Questo è lo stadio propedeutico all’avviso epidemico internazionale che pregusta un nuovo evento di tipo epidemico/pandemico, ma stavolta con un virus decisamente pericoloso.
La dichiarazione è stata redatta durante la quarta riunione del comitato di emergenza da quando l’epidemia è stata dichiarata il 1° agosto 2018.1
Ma facciamo come al solito un paio di passetti indietro.
Come mai questa dichiarazione dopo quasi un anno dall’annuncio di evento epidemico maggiore?
Semplicemente perché l’epidemia si sta espandendo, con un aumento dei casi a Butembo e Mabalako. L’epicentro dell’epidemia si è spostato da Mabalako a Beni che nelle ultime tre settimane ha registrato il 46% dei casi. Un caso importato è stato segnalato a Goma, una simpatica cittadina di più di un milione di abitanti che è altresì un importante centro di scambi commerciali col Ruanda (si stima che circa 15.000 persone ogni giorno passino il confine da Goma al Ruanda), in più a Goma è situato un aeroporto internazionale che, (per fortuna direi io) non effettua voli diretti con il continente europeo. E quando un virus emorragico raggiunge zone popolate e al centro di scambi commerciali internazionali, l’asticella si alza per il timore che diventi incontrollabile.
Alla data del 16 luglio 2019, sono stati segnalati 2522 casi confermati o probabili, con 1698 decessi, quindi una mortalità superiore al 60% Si sono infettati 136 operatori sanitari, 41 dei quali sono deceduti con una mortalità di circa il 30%. L’epidemia continua con una media di 80 nuovi casi segnalati settimanalmente, almeno fino ad oggi.
A complicare gli sforzi di contenimento ci sono numerosi conflitti armati nella regione, anche di stampo religioso, con attacchi spesso mirati alle stesse strutture sanitarie 2, e una diffusa sfiducia nei confronti di medici e volontari. Più di un terzo delle morti avviene in comunità abitate come villaggi o piccole cittadine e non nei centri specializzati per isolare e curare i pazienti.
Dopo la terribile epidemia del biennio 2014-2015 dove erano stati segnalati 28.616 casi in Guinea, Liberia e Sierra Leone con 11.310 morti con una letalità del 39,5% è stato sviluppato un vaccino efficace nel 99% dei casi3, già somministrato a 161.000 persone, ma soltanto chi viene a contatto con persone infette viene vaccinato, e i suoi conoscenti dopo di lui. A complicare la situazione, visto che non è già abbastanza complicata vi è un clima di sfiducia generalizzata: in molti ritengono che “il male” venga proprio dai vaccini, non dal contagio virale (mi ricorda qualcosa…).
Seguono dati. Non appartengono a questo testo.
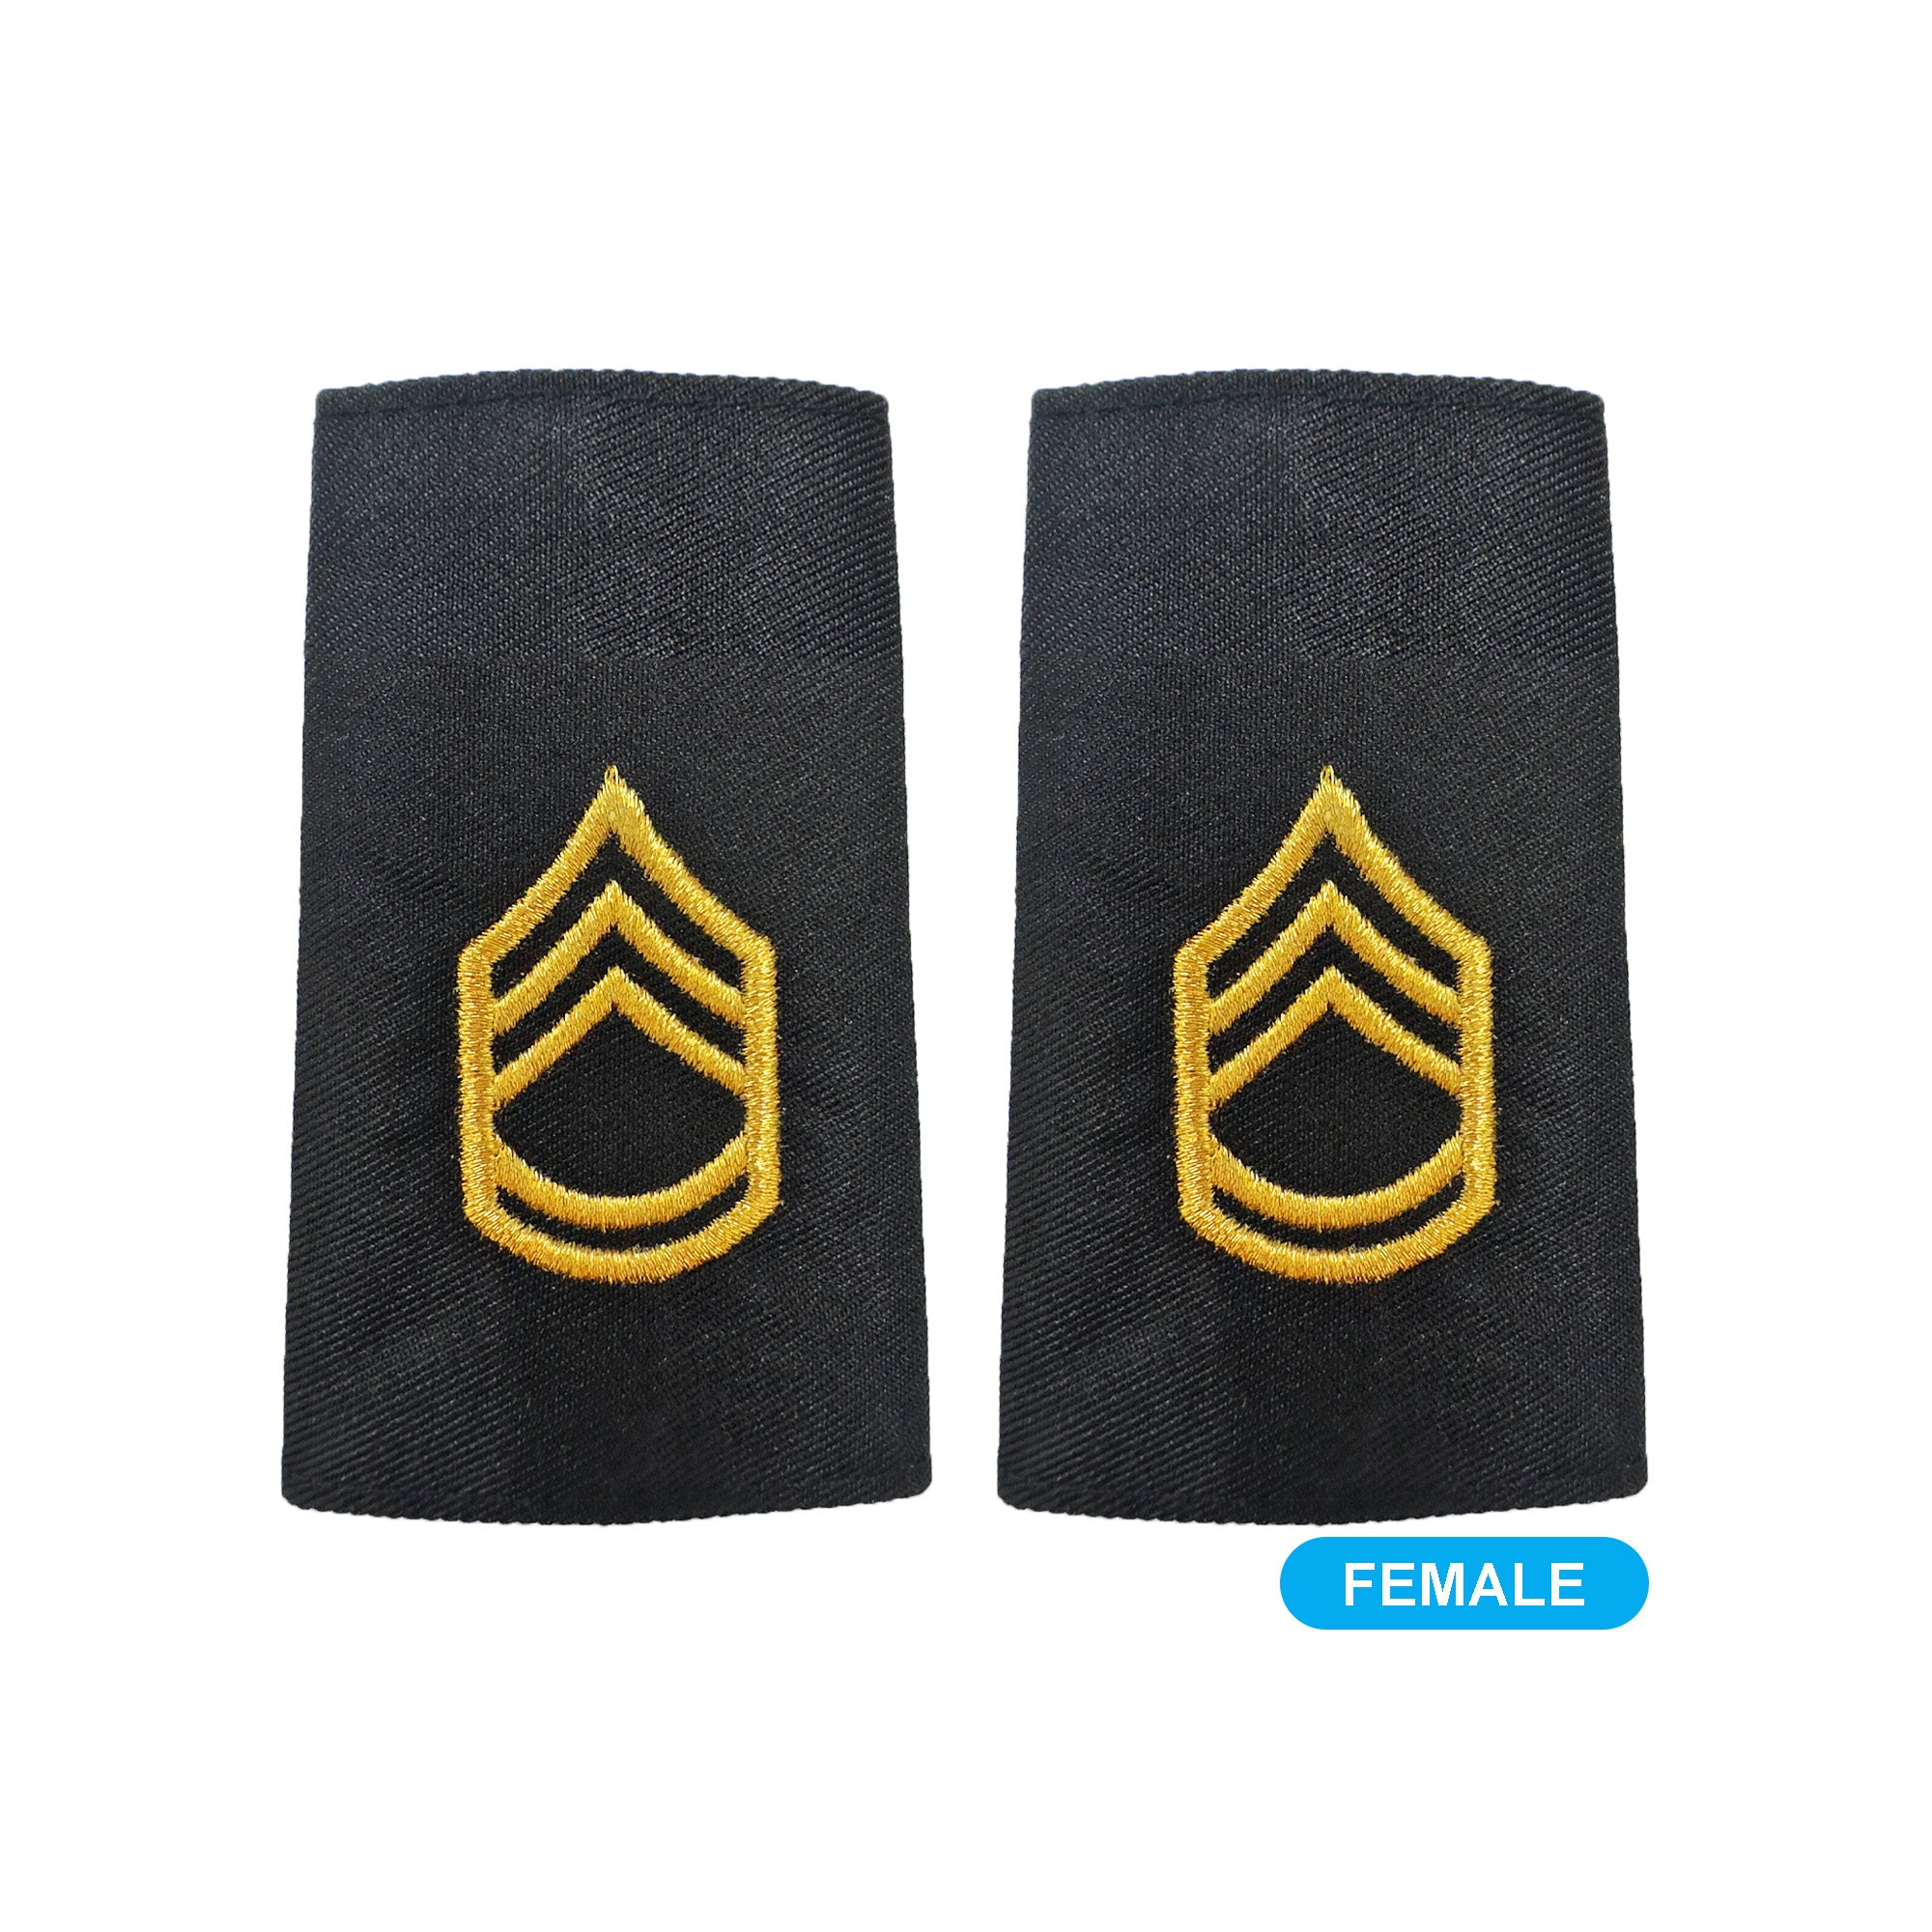 E7 Sergeant First Class Shoulder Marks - Small-Female - Insignia Depot

Fra le raccomandazioni temporanee adottate dal Direttore Generale dell’OMS vi è il rafforzamento degli screening in uscita e sulle principali vie di comunicazione terrestri da parte della Repubblica Democratica del Congo. Fortunatamente il rischio globale per ora è considerato basso. L’OMS, interpellato dalla Commissione europea, ha confermato che per i paesi europei il rischio è marginale. Per questo motivo l’OMS non ha bloccato nè i viaggi nè il commercio verso e da la RDC.
La valutazione rapida del rischio del Centro Europeo per la Prevenzione e il Controllo delle Malattie (ECDC) del 18 luglio 2019 valuta che la probabilità che un cittadino europeo che vive o che si reca nelle aree affette della RDC contragga l’infezione al momento è molto bassa, qualora vengano applicate in toto le le precauzioni specificate: considera inoltre che il rischio di introduzione e ulteriore diffusione di Ebola nei paesi europei sia molto bassa.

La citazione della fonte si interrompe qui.